Research

Never Trust an Agent Self-Report

Never Trust an Agent Self-Report

The work is done when the evidence survives an attack. Everything else is a self-report.

Every coding agent will tell you the work is done. The tests pass, the feature is complete, the refactor is safe. Ask it. It will say yes.

It is often wrong, and it does not know it is wrong. So the operating rule of my whole fleet is five words: never trust an agent self-report.

It is not a slogan I made up after the fact. It is a literal line inside a recurring fleet-sweep prompt that runs across every machine, classifying every tmux pane as working, idle-done, stuck, errored, or blocked-on-account-usage. The prompt ends the same way every time it runs: verify everything, never trust an agent self-report, in capitals, because a pane that reports "done" and a pane that is actually done are two different facts and only one of them matters.

I run agents across multiple machines — dozens of tmux sessions, coordinators dispatching workers, loops firing through the night. At that scale you cannot review everything yourself. But you also cannot accept done as evidence. The answer is not more trust. The answer is structured distrust.

Here is what that looks like in practice.

Every substantial task gets adversarial reviewers. Not one friendly second opinion — two, four, sometimes six agents whose explicit job is to attack the work: challenge the assumptions, the freshness of the sources, the edge cases, the regressions, and whether the evidence actually proves the claim. This is written into the global rules of every machine I operate. It is not a step in the process. It is the culture.

I did not invent the habit, I just made it mandatory everywhere. I got the idea from a stranger's reply on Twitter about adversarial code review and never stopped using it since. It is, plainly, the best thing that happened to my coding workflow since I started running agents — it deserves to be its own reusable skill at this point instead of something I retype into every prompt.

It also does not stay confined to code review. Ask what my favorite use of sub agents is lately and the answer is boring on purpose: spawn adversarial agents to cross-check the work and report any issues. Not a quarterly audit, not a special occasion reserved for big decisions — a default setting on ordinary tasks. When a stack of pull requests needs merging into main, the instruction is not "merge them." It is work with four adversarial sub agents, analyze every piece of code written in every PR, and merge one by one as all is green. The adversarial pass is not a gate before the real work. It is part of the work.

The strongest version of this replaced the architecture meeting. In June we had a real design question: should deterministic automations be a separate control plane, or part of OpenLoops? Instead of deciding on vibes, I dispatched twelve read-only adversarial reviewers — six roles (runtime, security, reliability, migration, product, contracts) across two model tiers.
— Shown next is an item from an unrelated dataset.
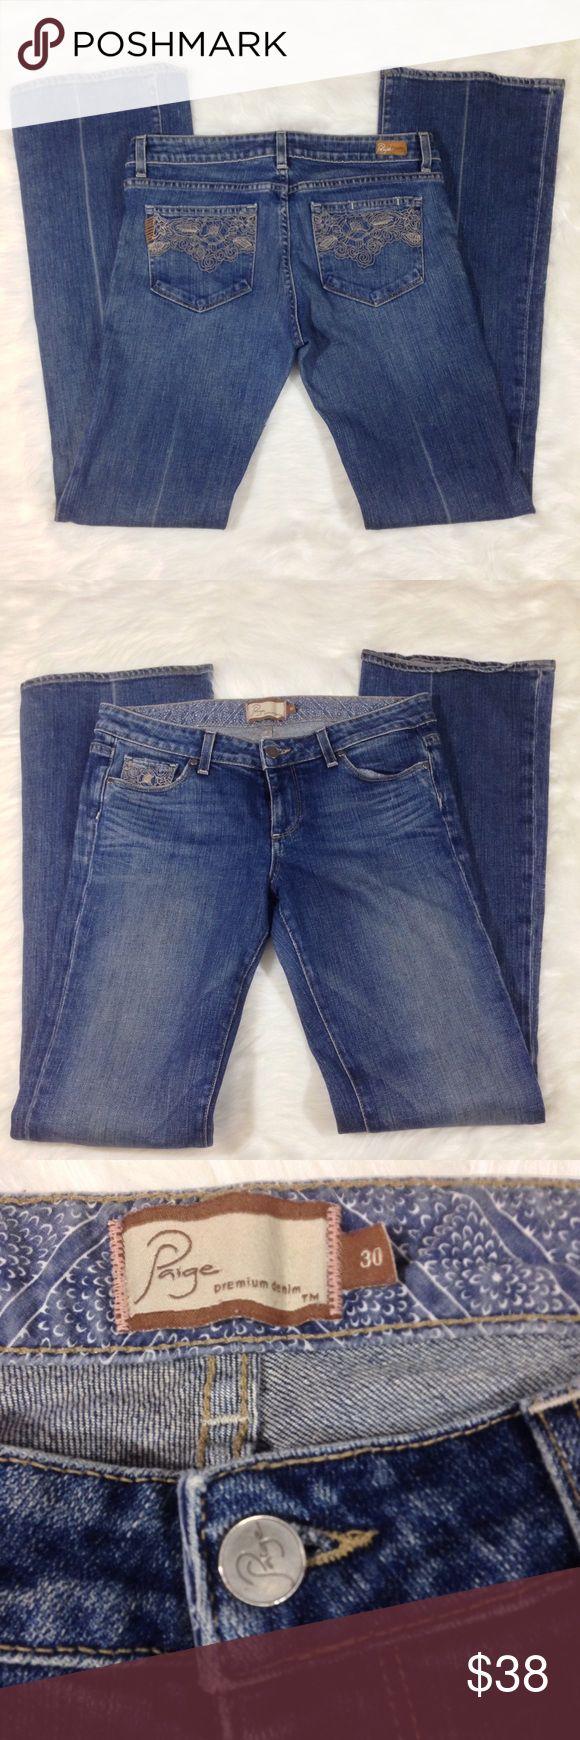 """Paige premium denim laurel canyon jeans Paige denim laurel canyon embroidered pockets jeans size 30. Waist 30"""", inseam 32"""" Paige Jeans Jeans Flare & Wide Leg"""

Each one had to post an evidence-backed report to a shared channel with file-and-line references. And each report had to include one mandatory section: the strongest argument against your own recommendation.

Then round two: every reviewer reads the channel and posts a rebuttal or an agreement. Twelve agents arguing in public, forced to steelman the other side, citing exact lines of code. The decision that came out of that was better than any design meeting I have sat in, and it left a written evidence trail instead of a memory of who talked loudest.

The prompt template that goes out to all twelve is blunt about scope: read-only adversarial architecture review, do not edit files, do not write files, do not spawn more agents, and your report must include a recommendation, the strongest argument against that recommendation, and source references to exact files and lines wherever possible, finishing with DONE plus your recommendation. No agent gets to satisfy the assignment by writing a strong case and skipping the part where it argues against itself.

The habit does not need a twelve-agent board to earn its keep. When we designed a single atomic tool call that lets a model emit a whole canvas layout in one shot, the spec went through three adversarial reviews before a line of implementation code existed — every blocker and major finding folded back in, every claim re-checked against the live code with file and line references. Same discipline, different shape. A two-person design chat produces opinions. A review that must cite the file and line produces evidence.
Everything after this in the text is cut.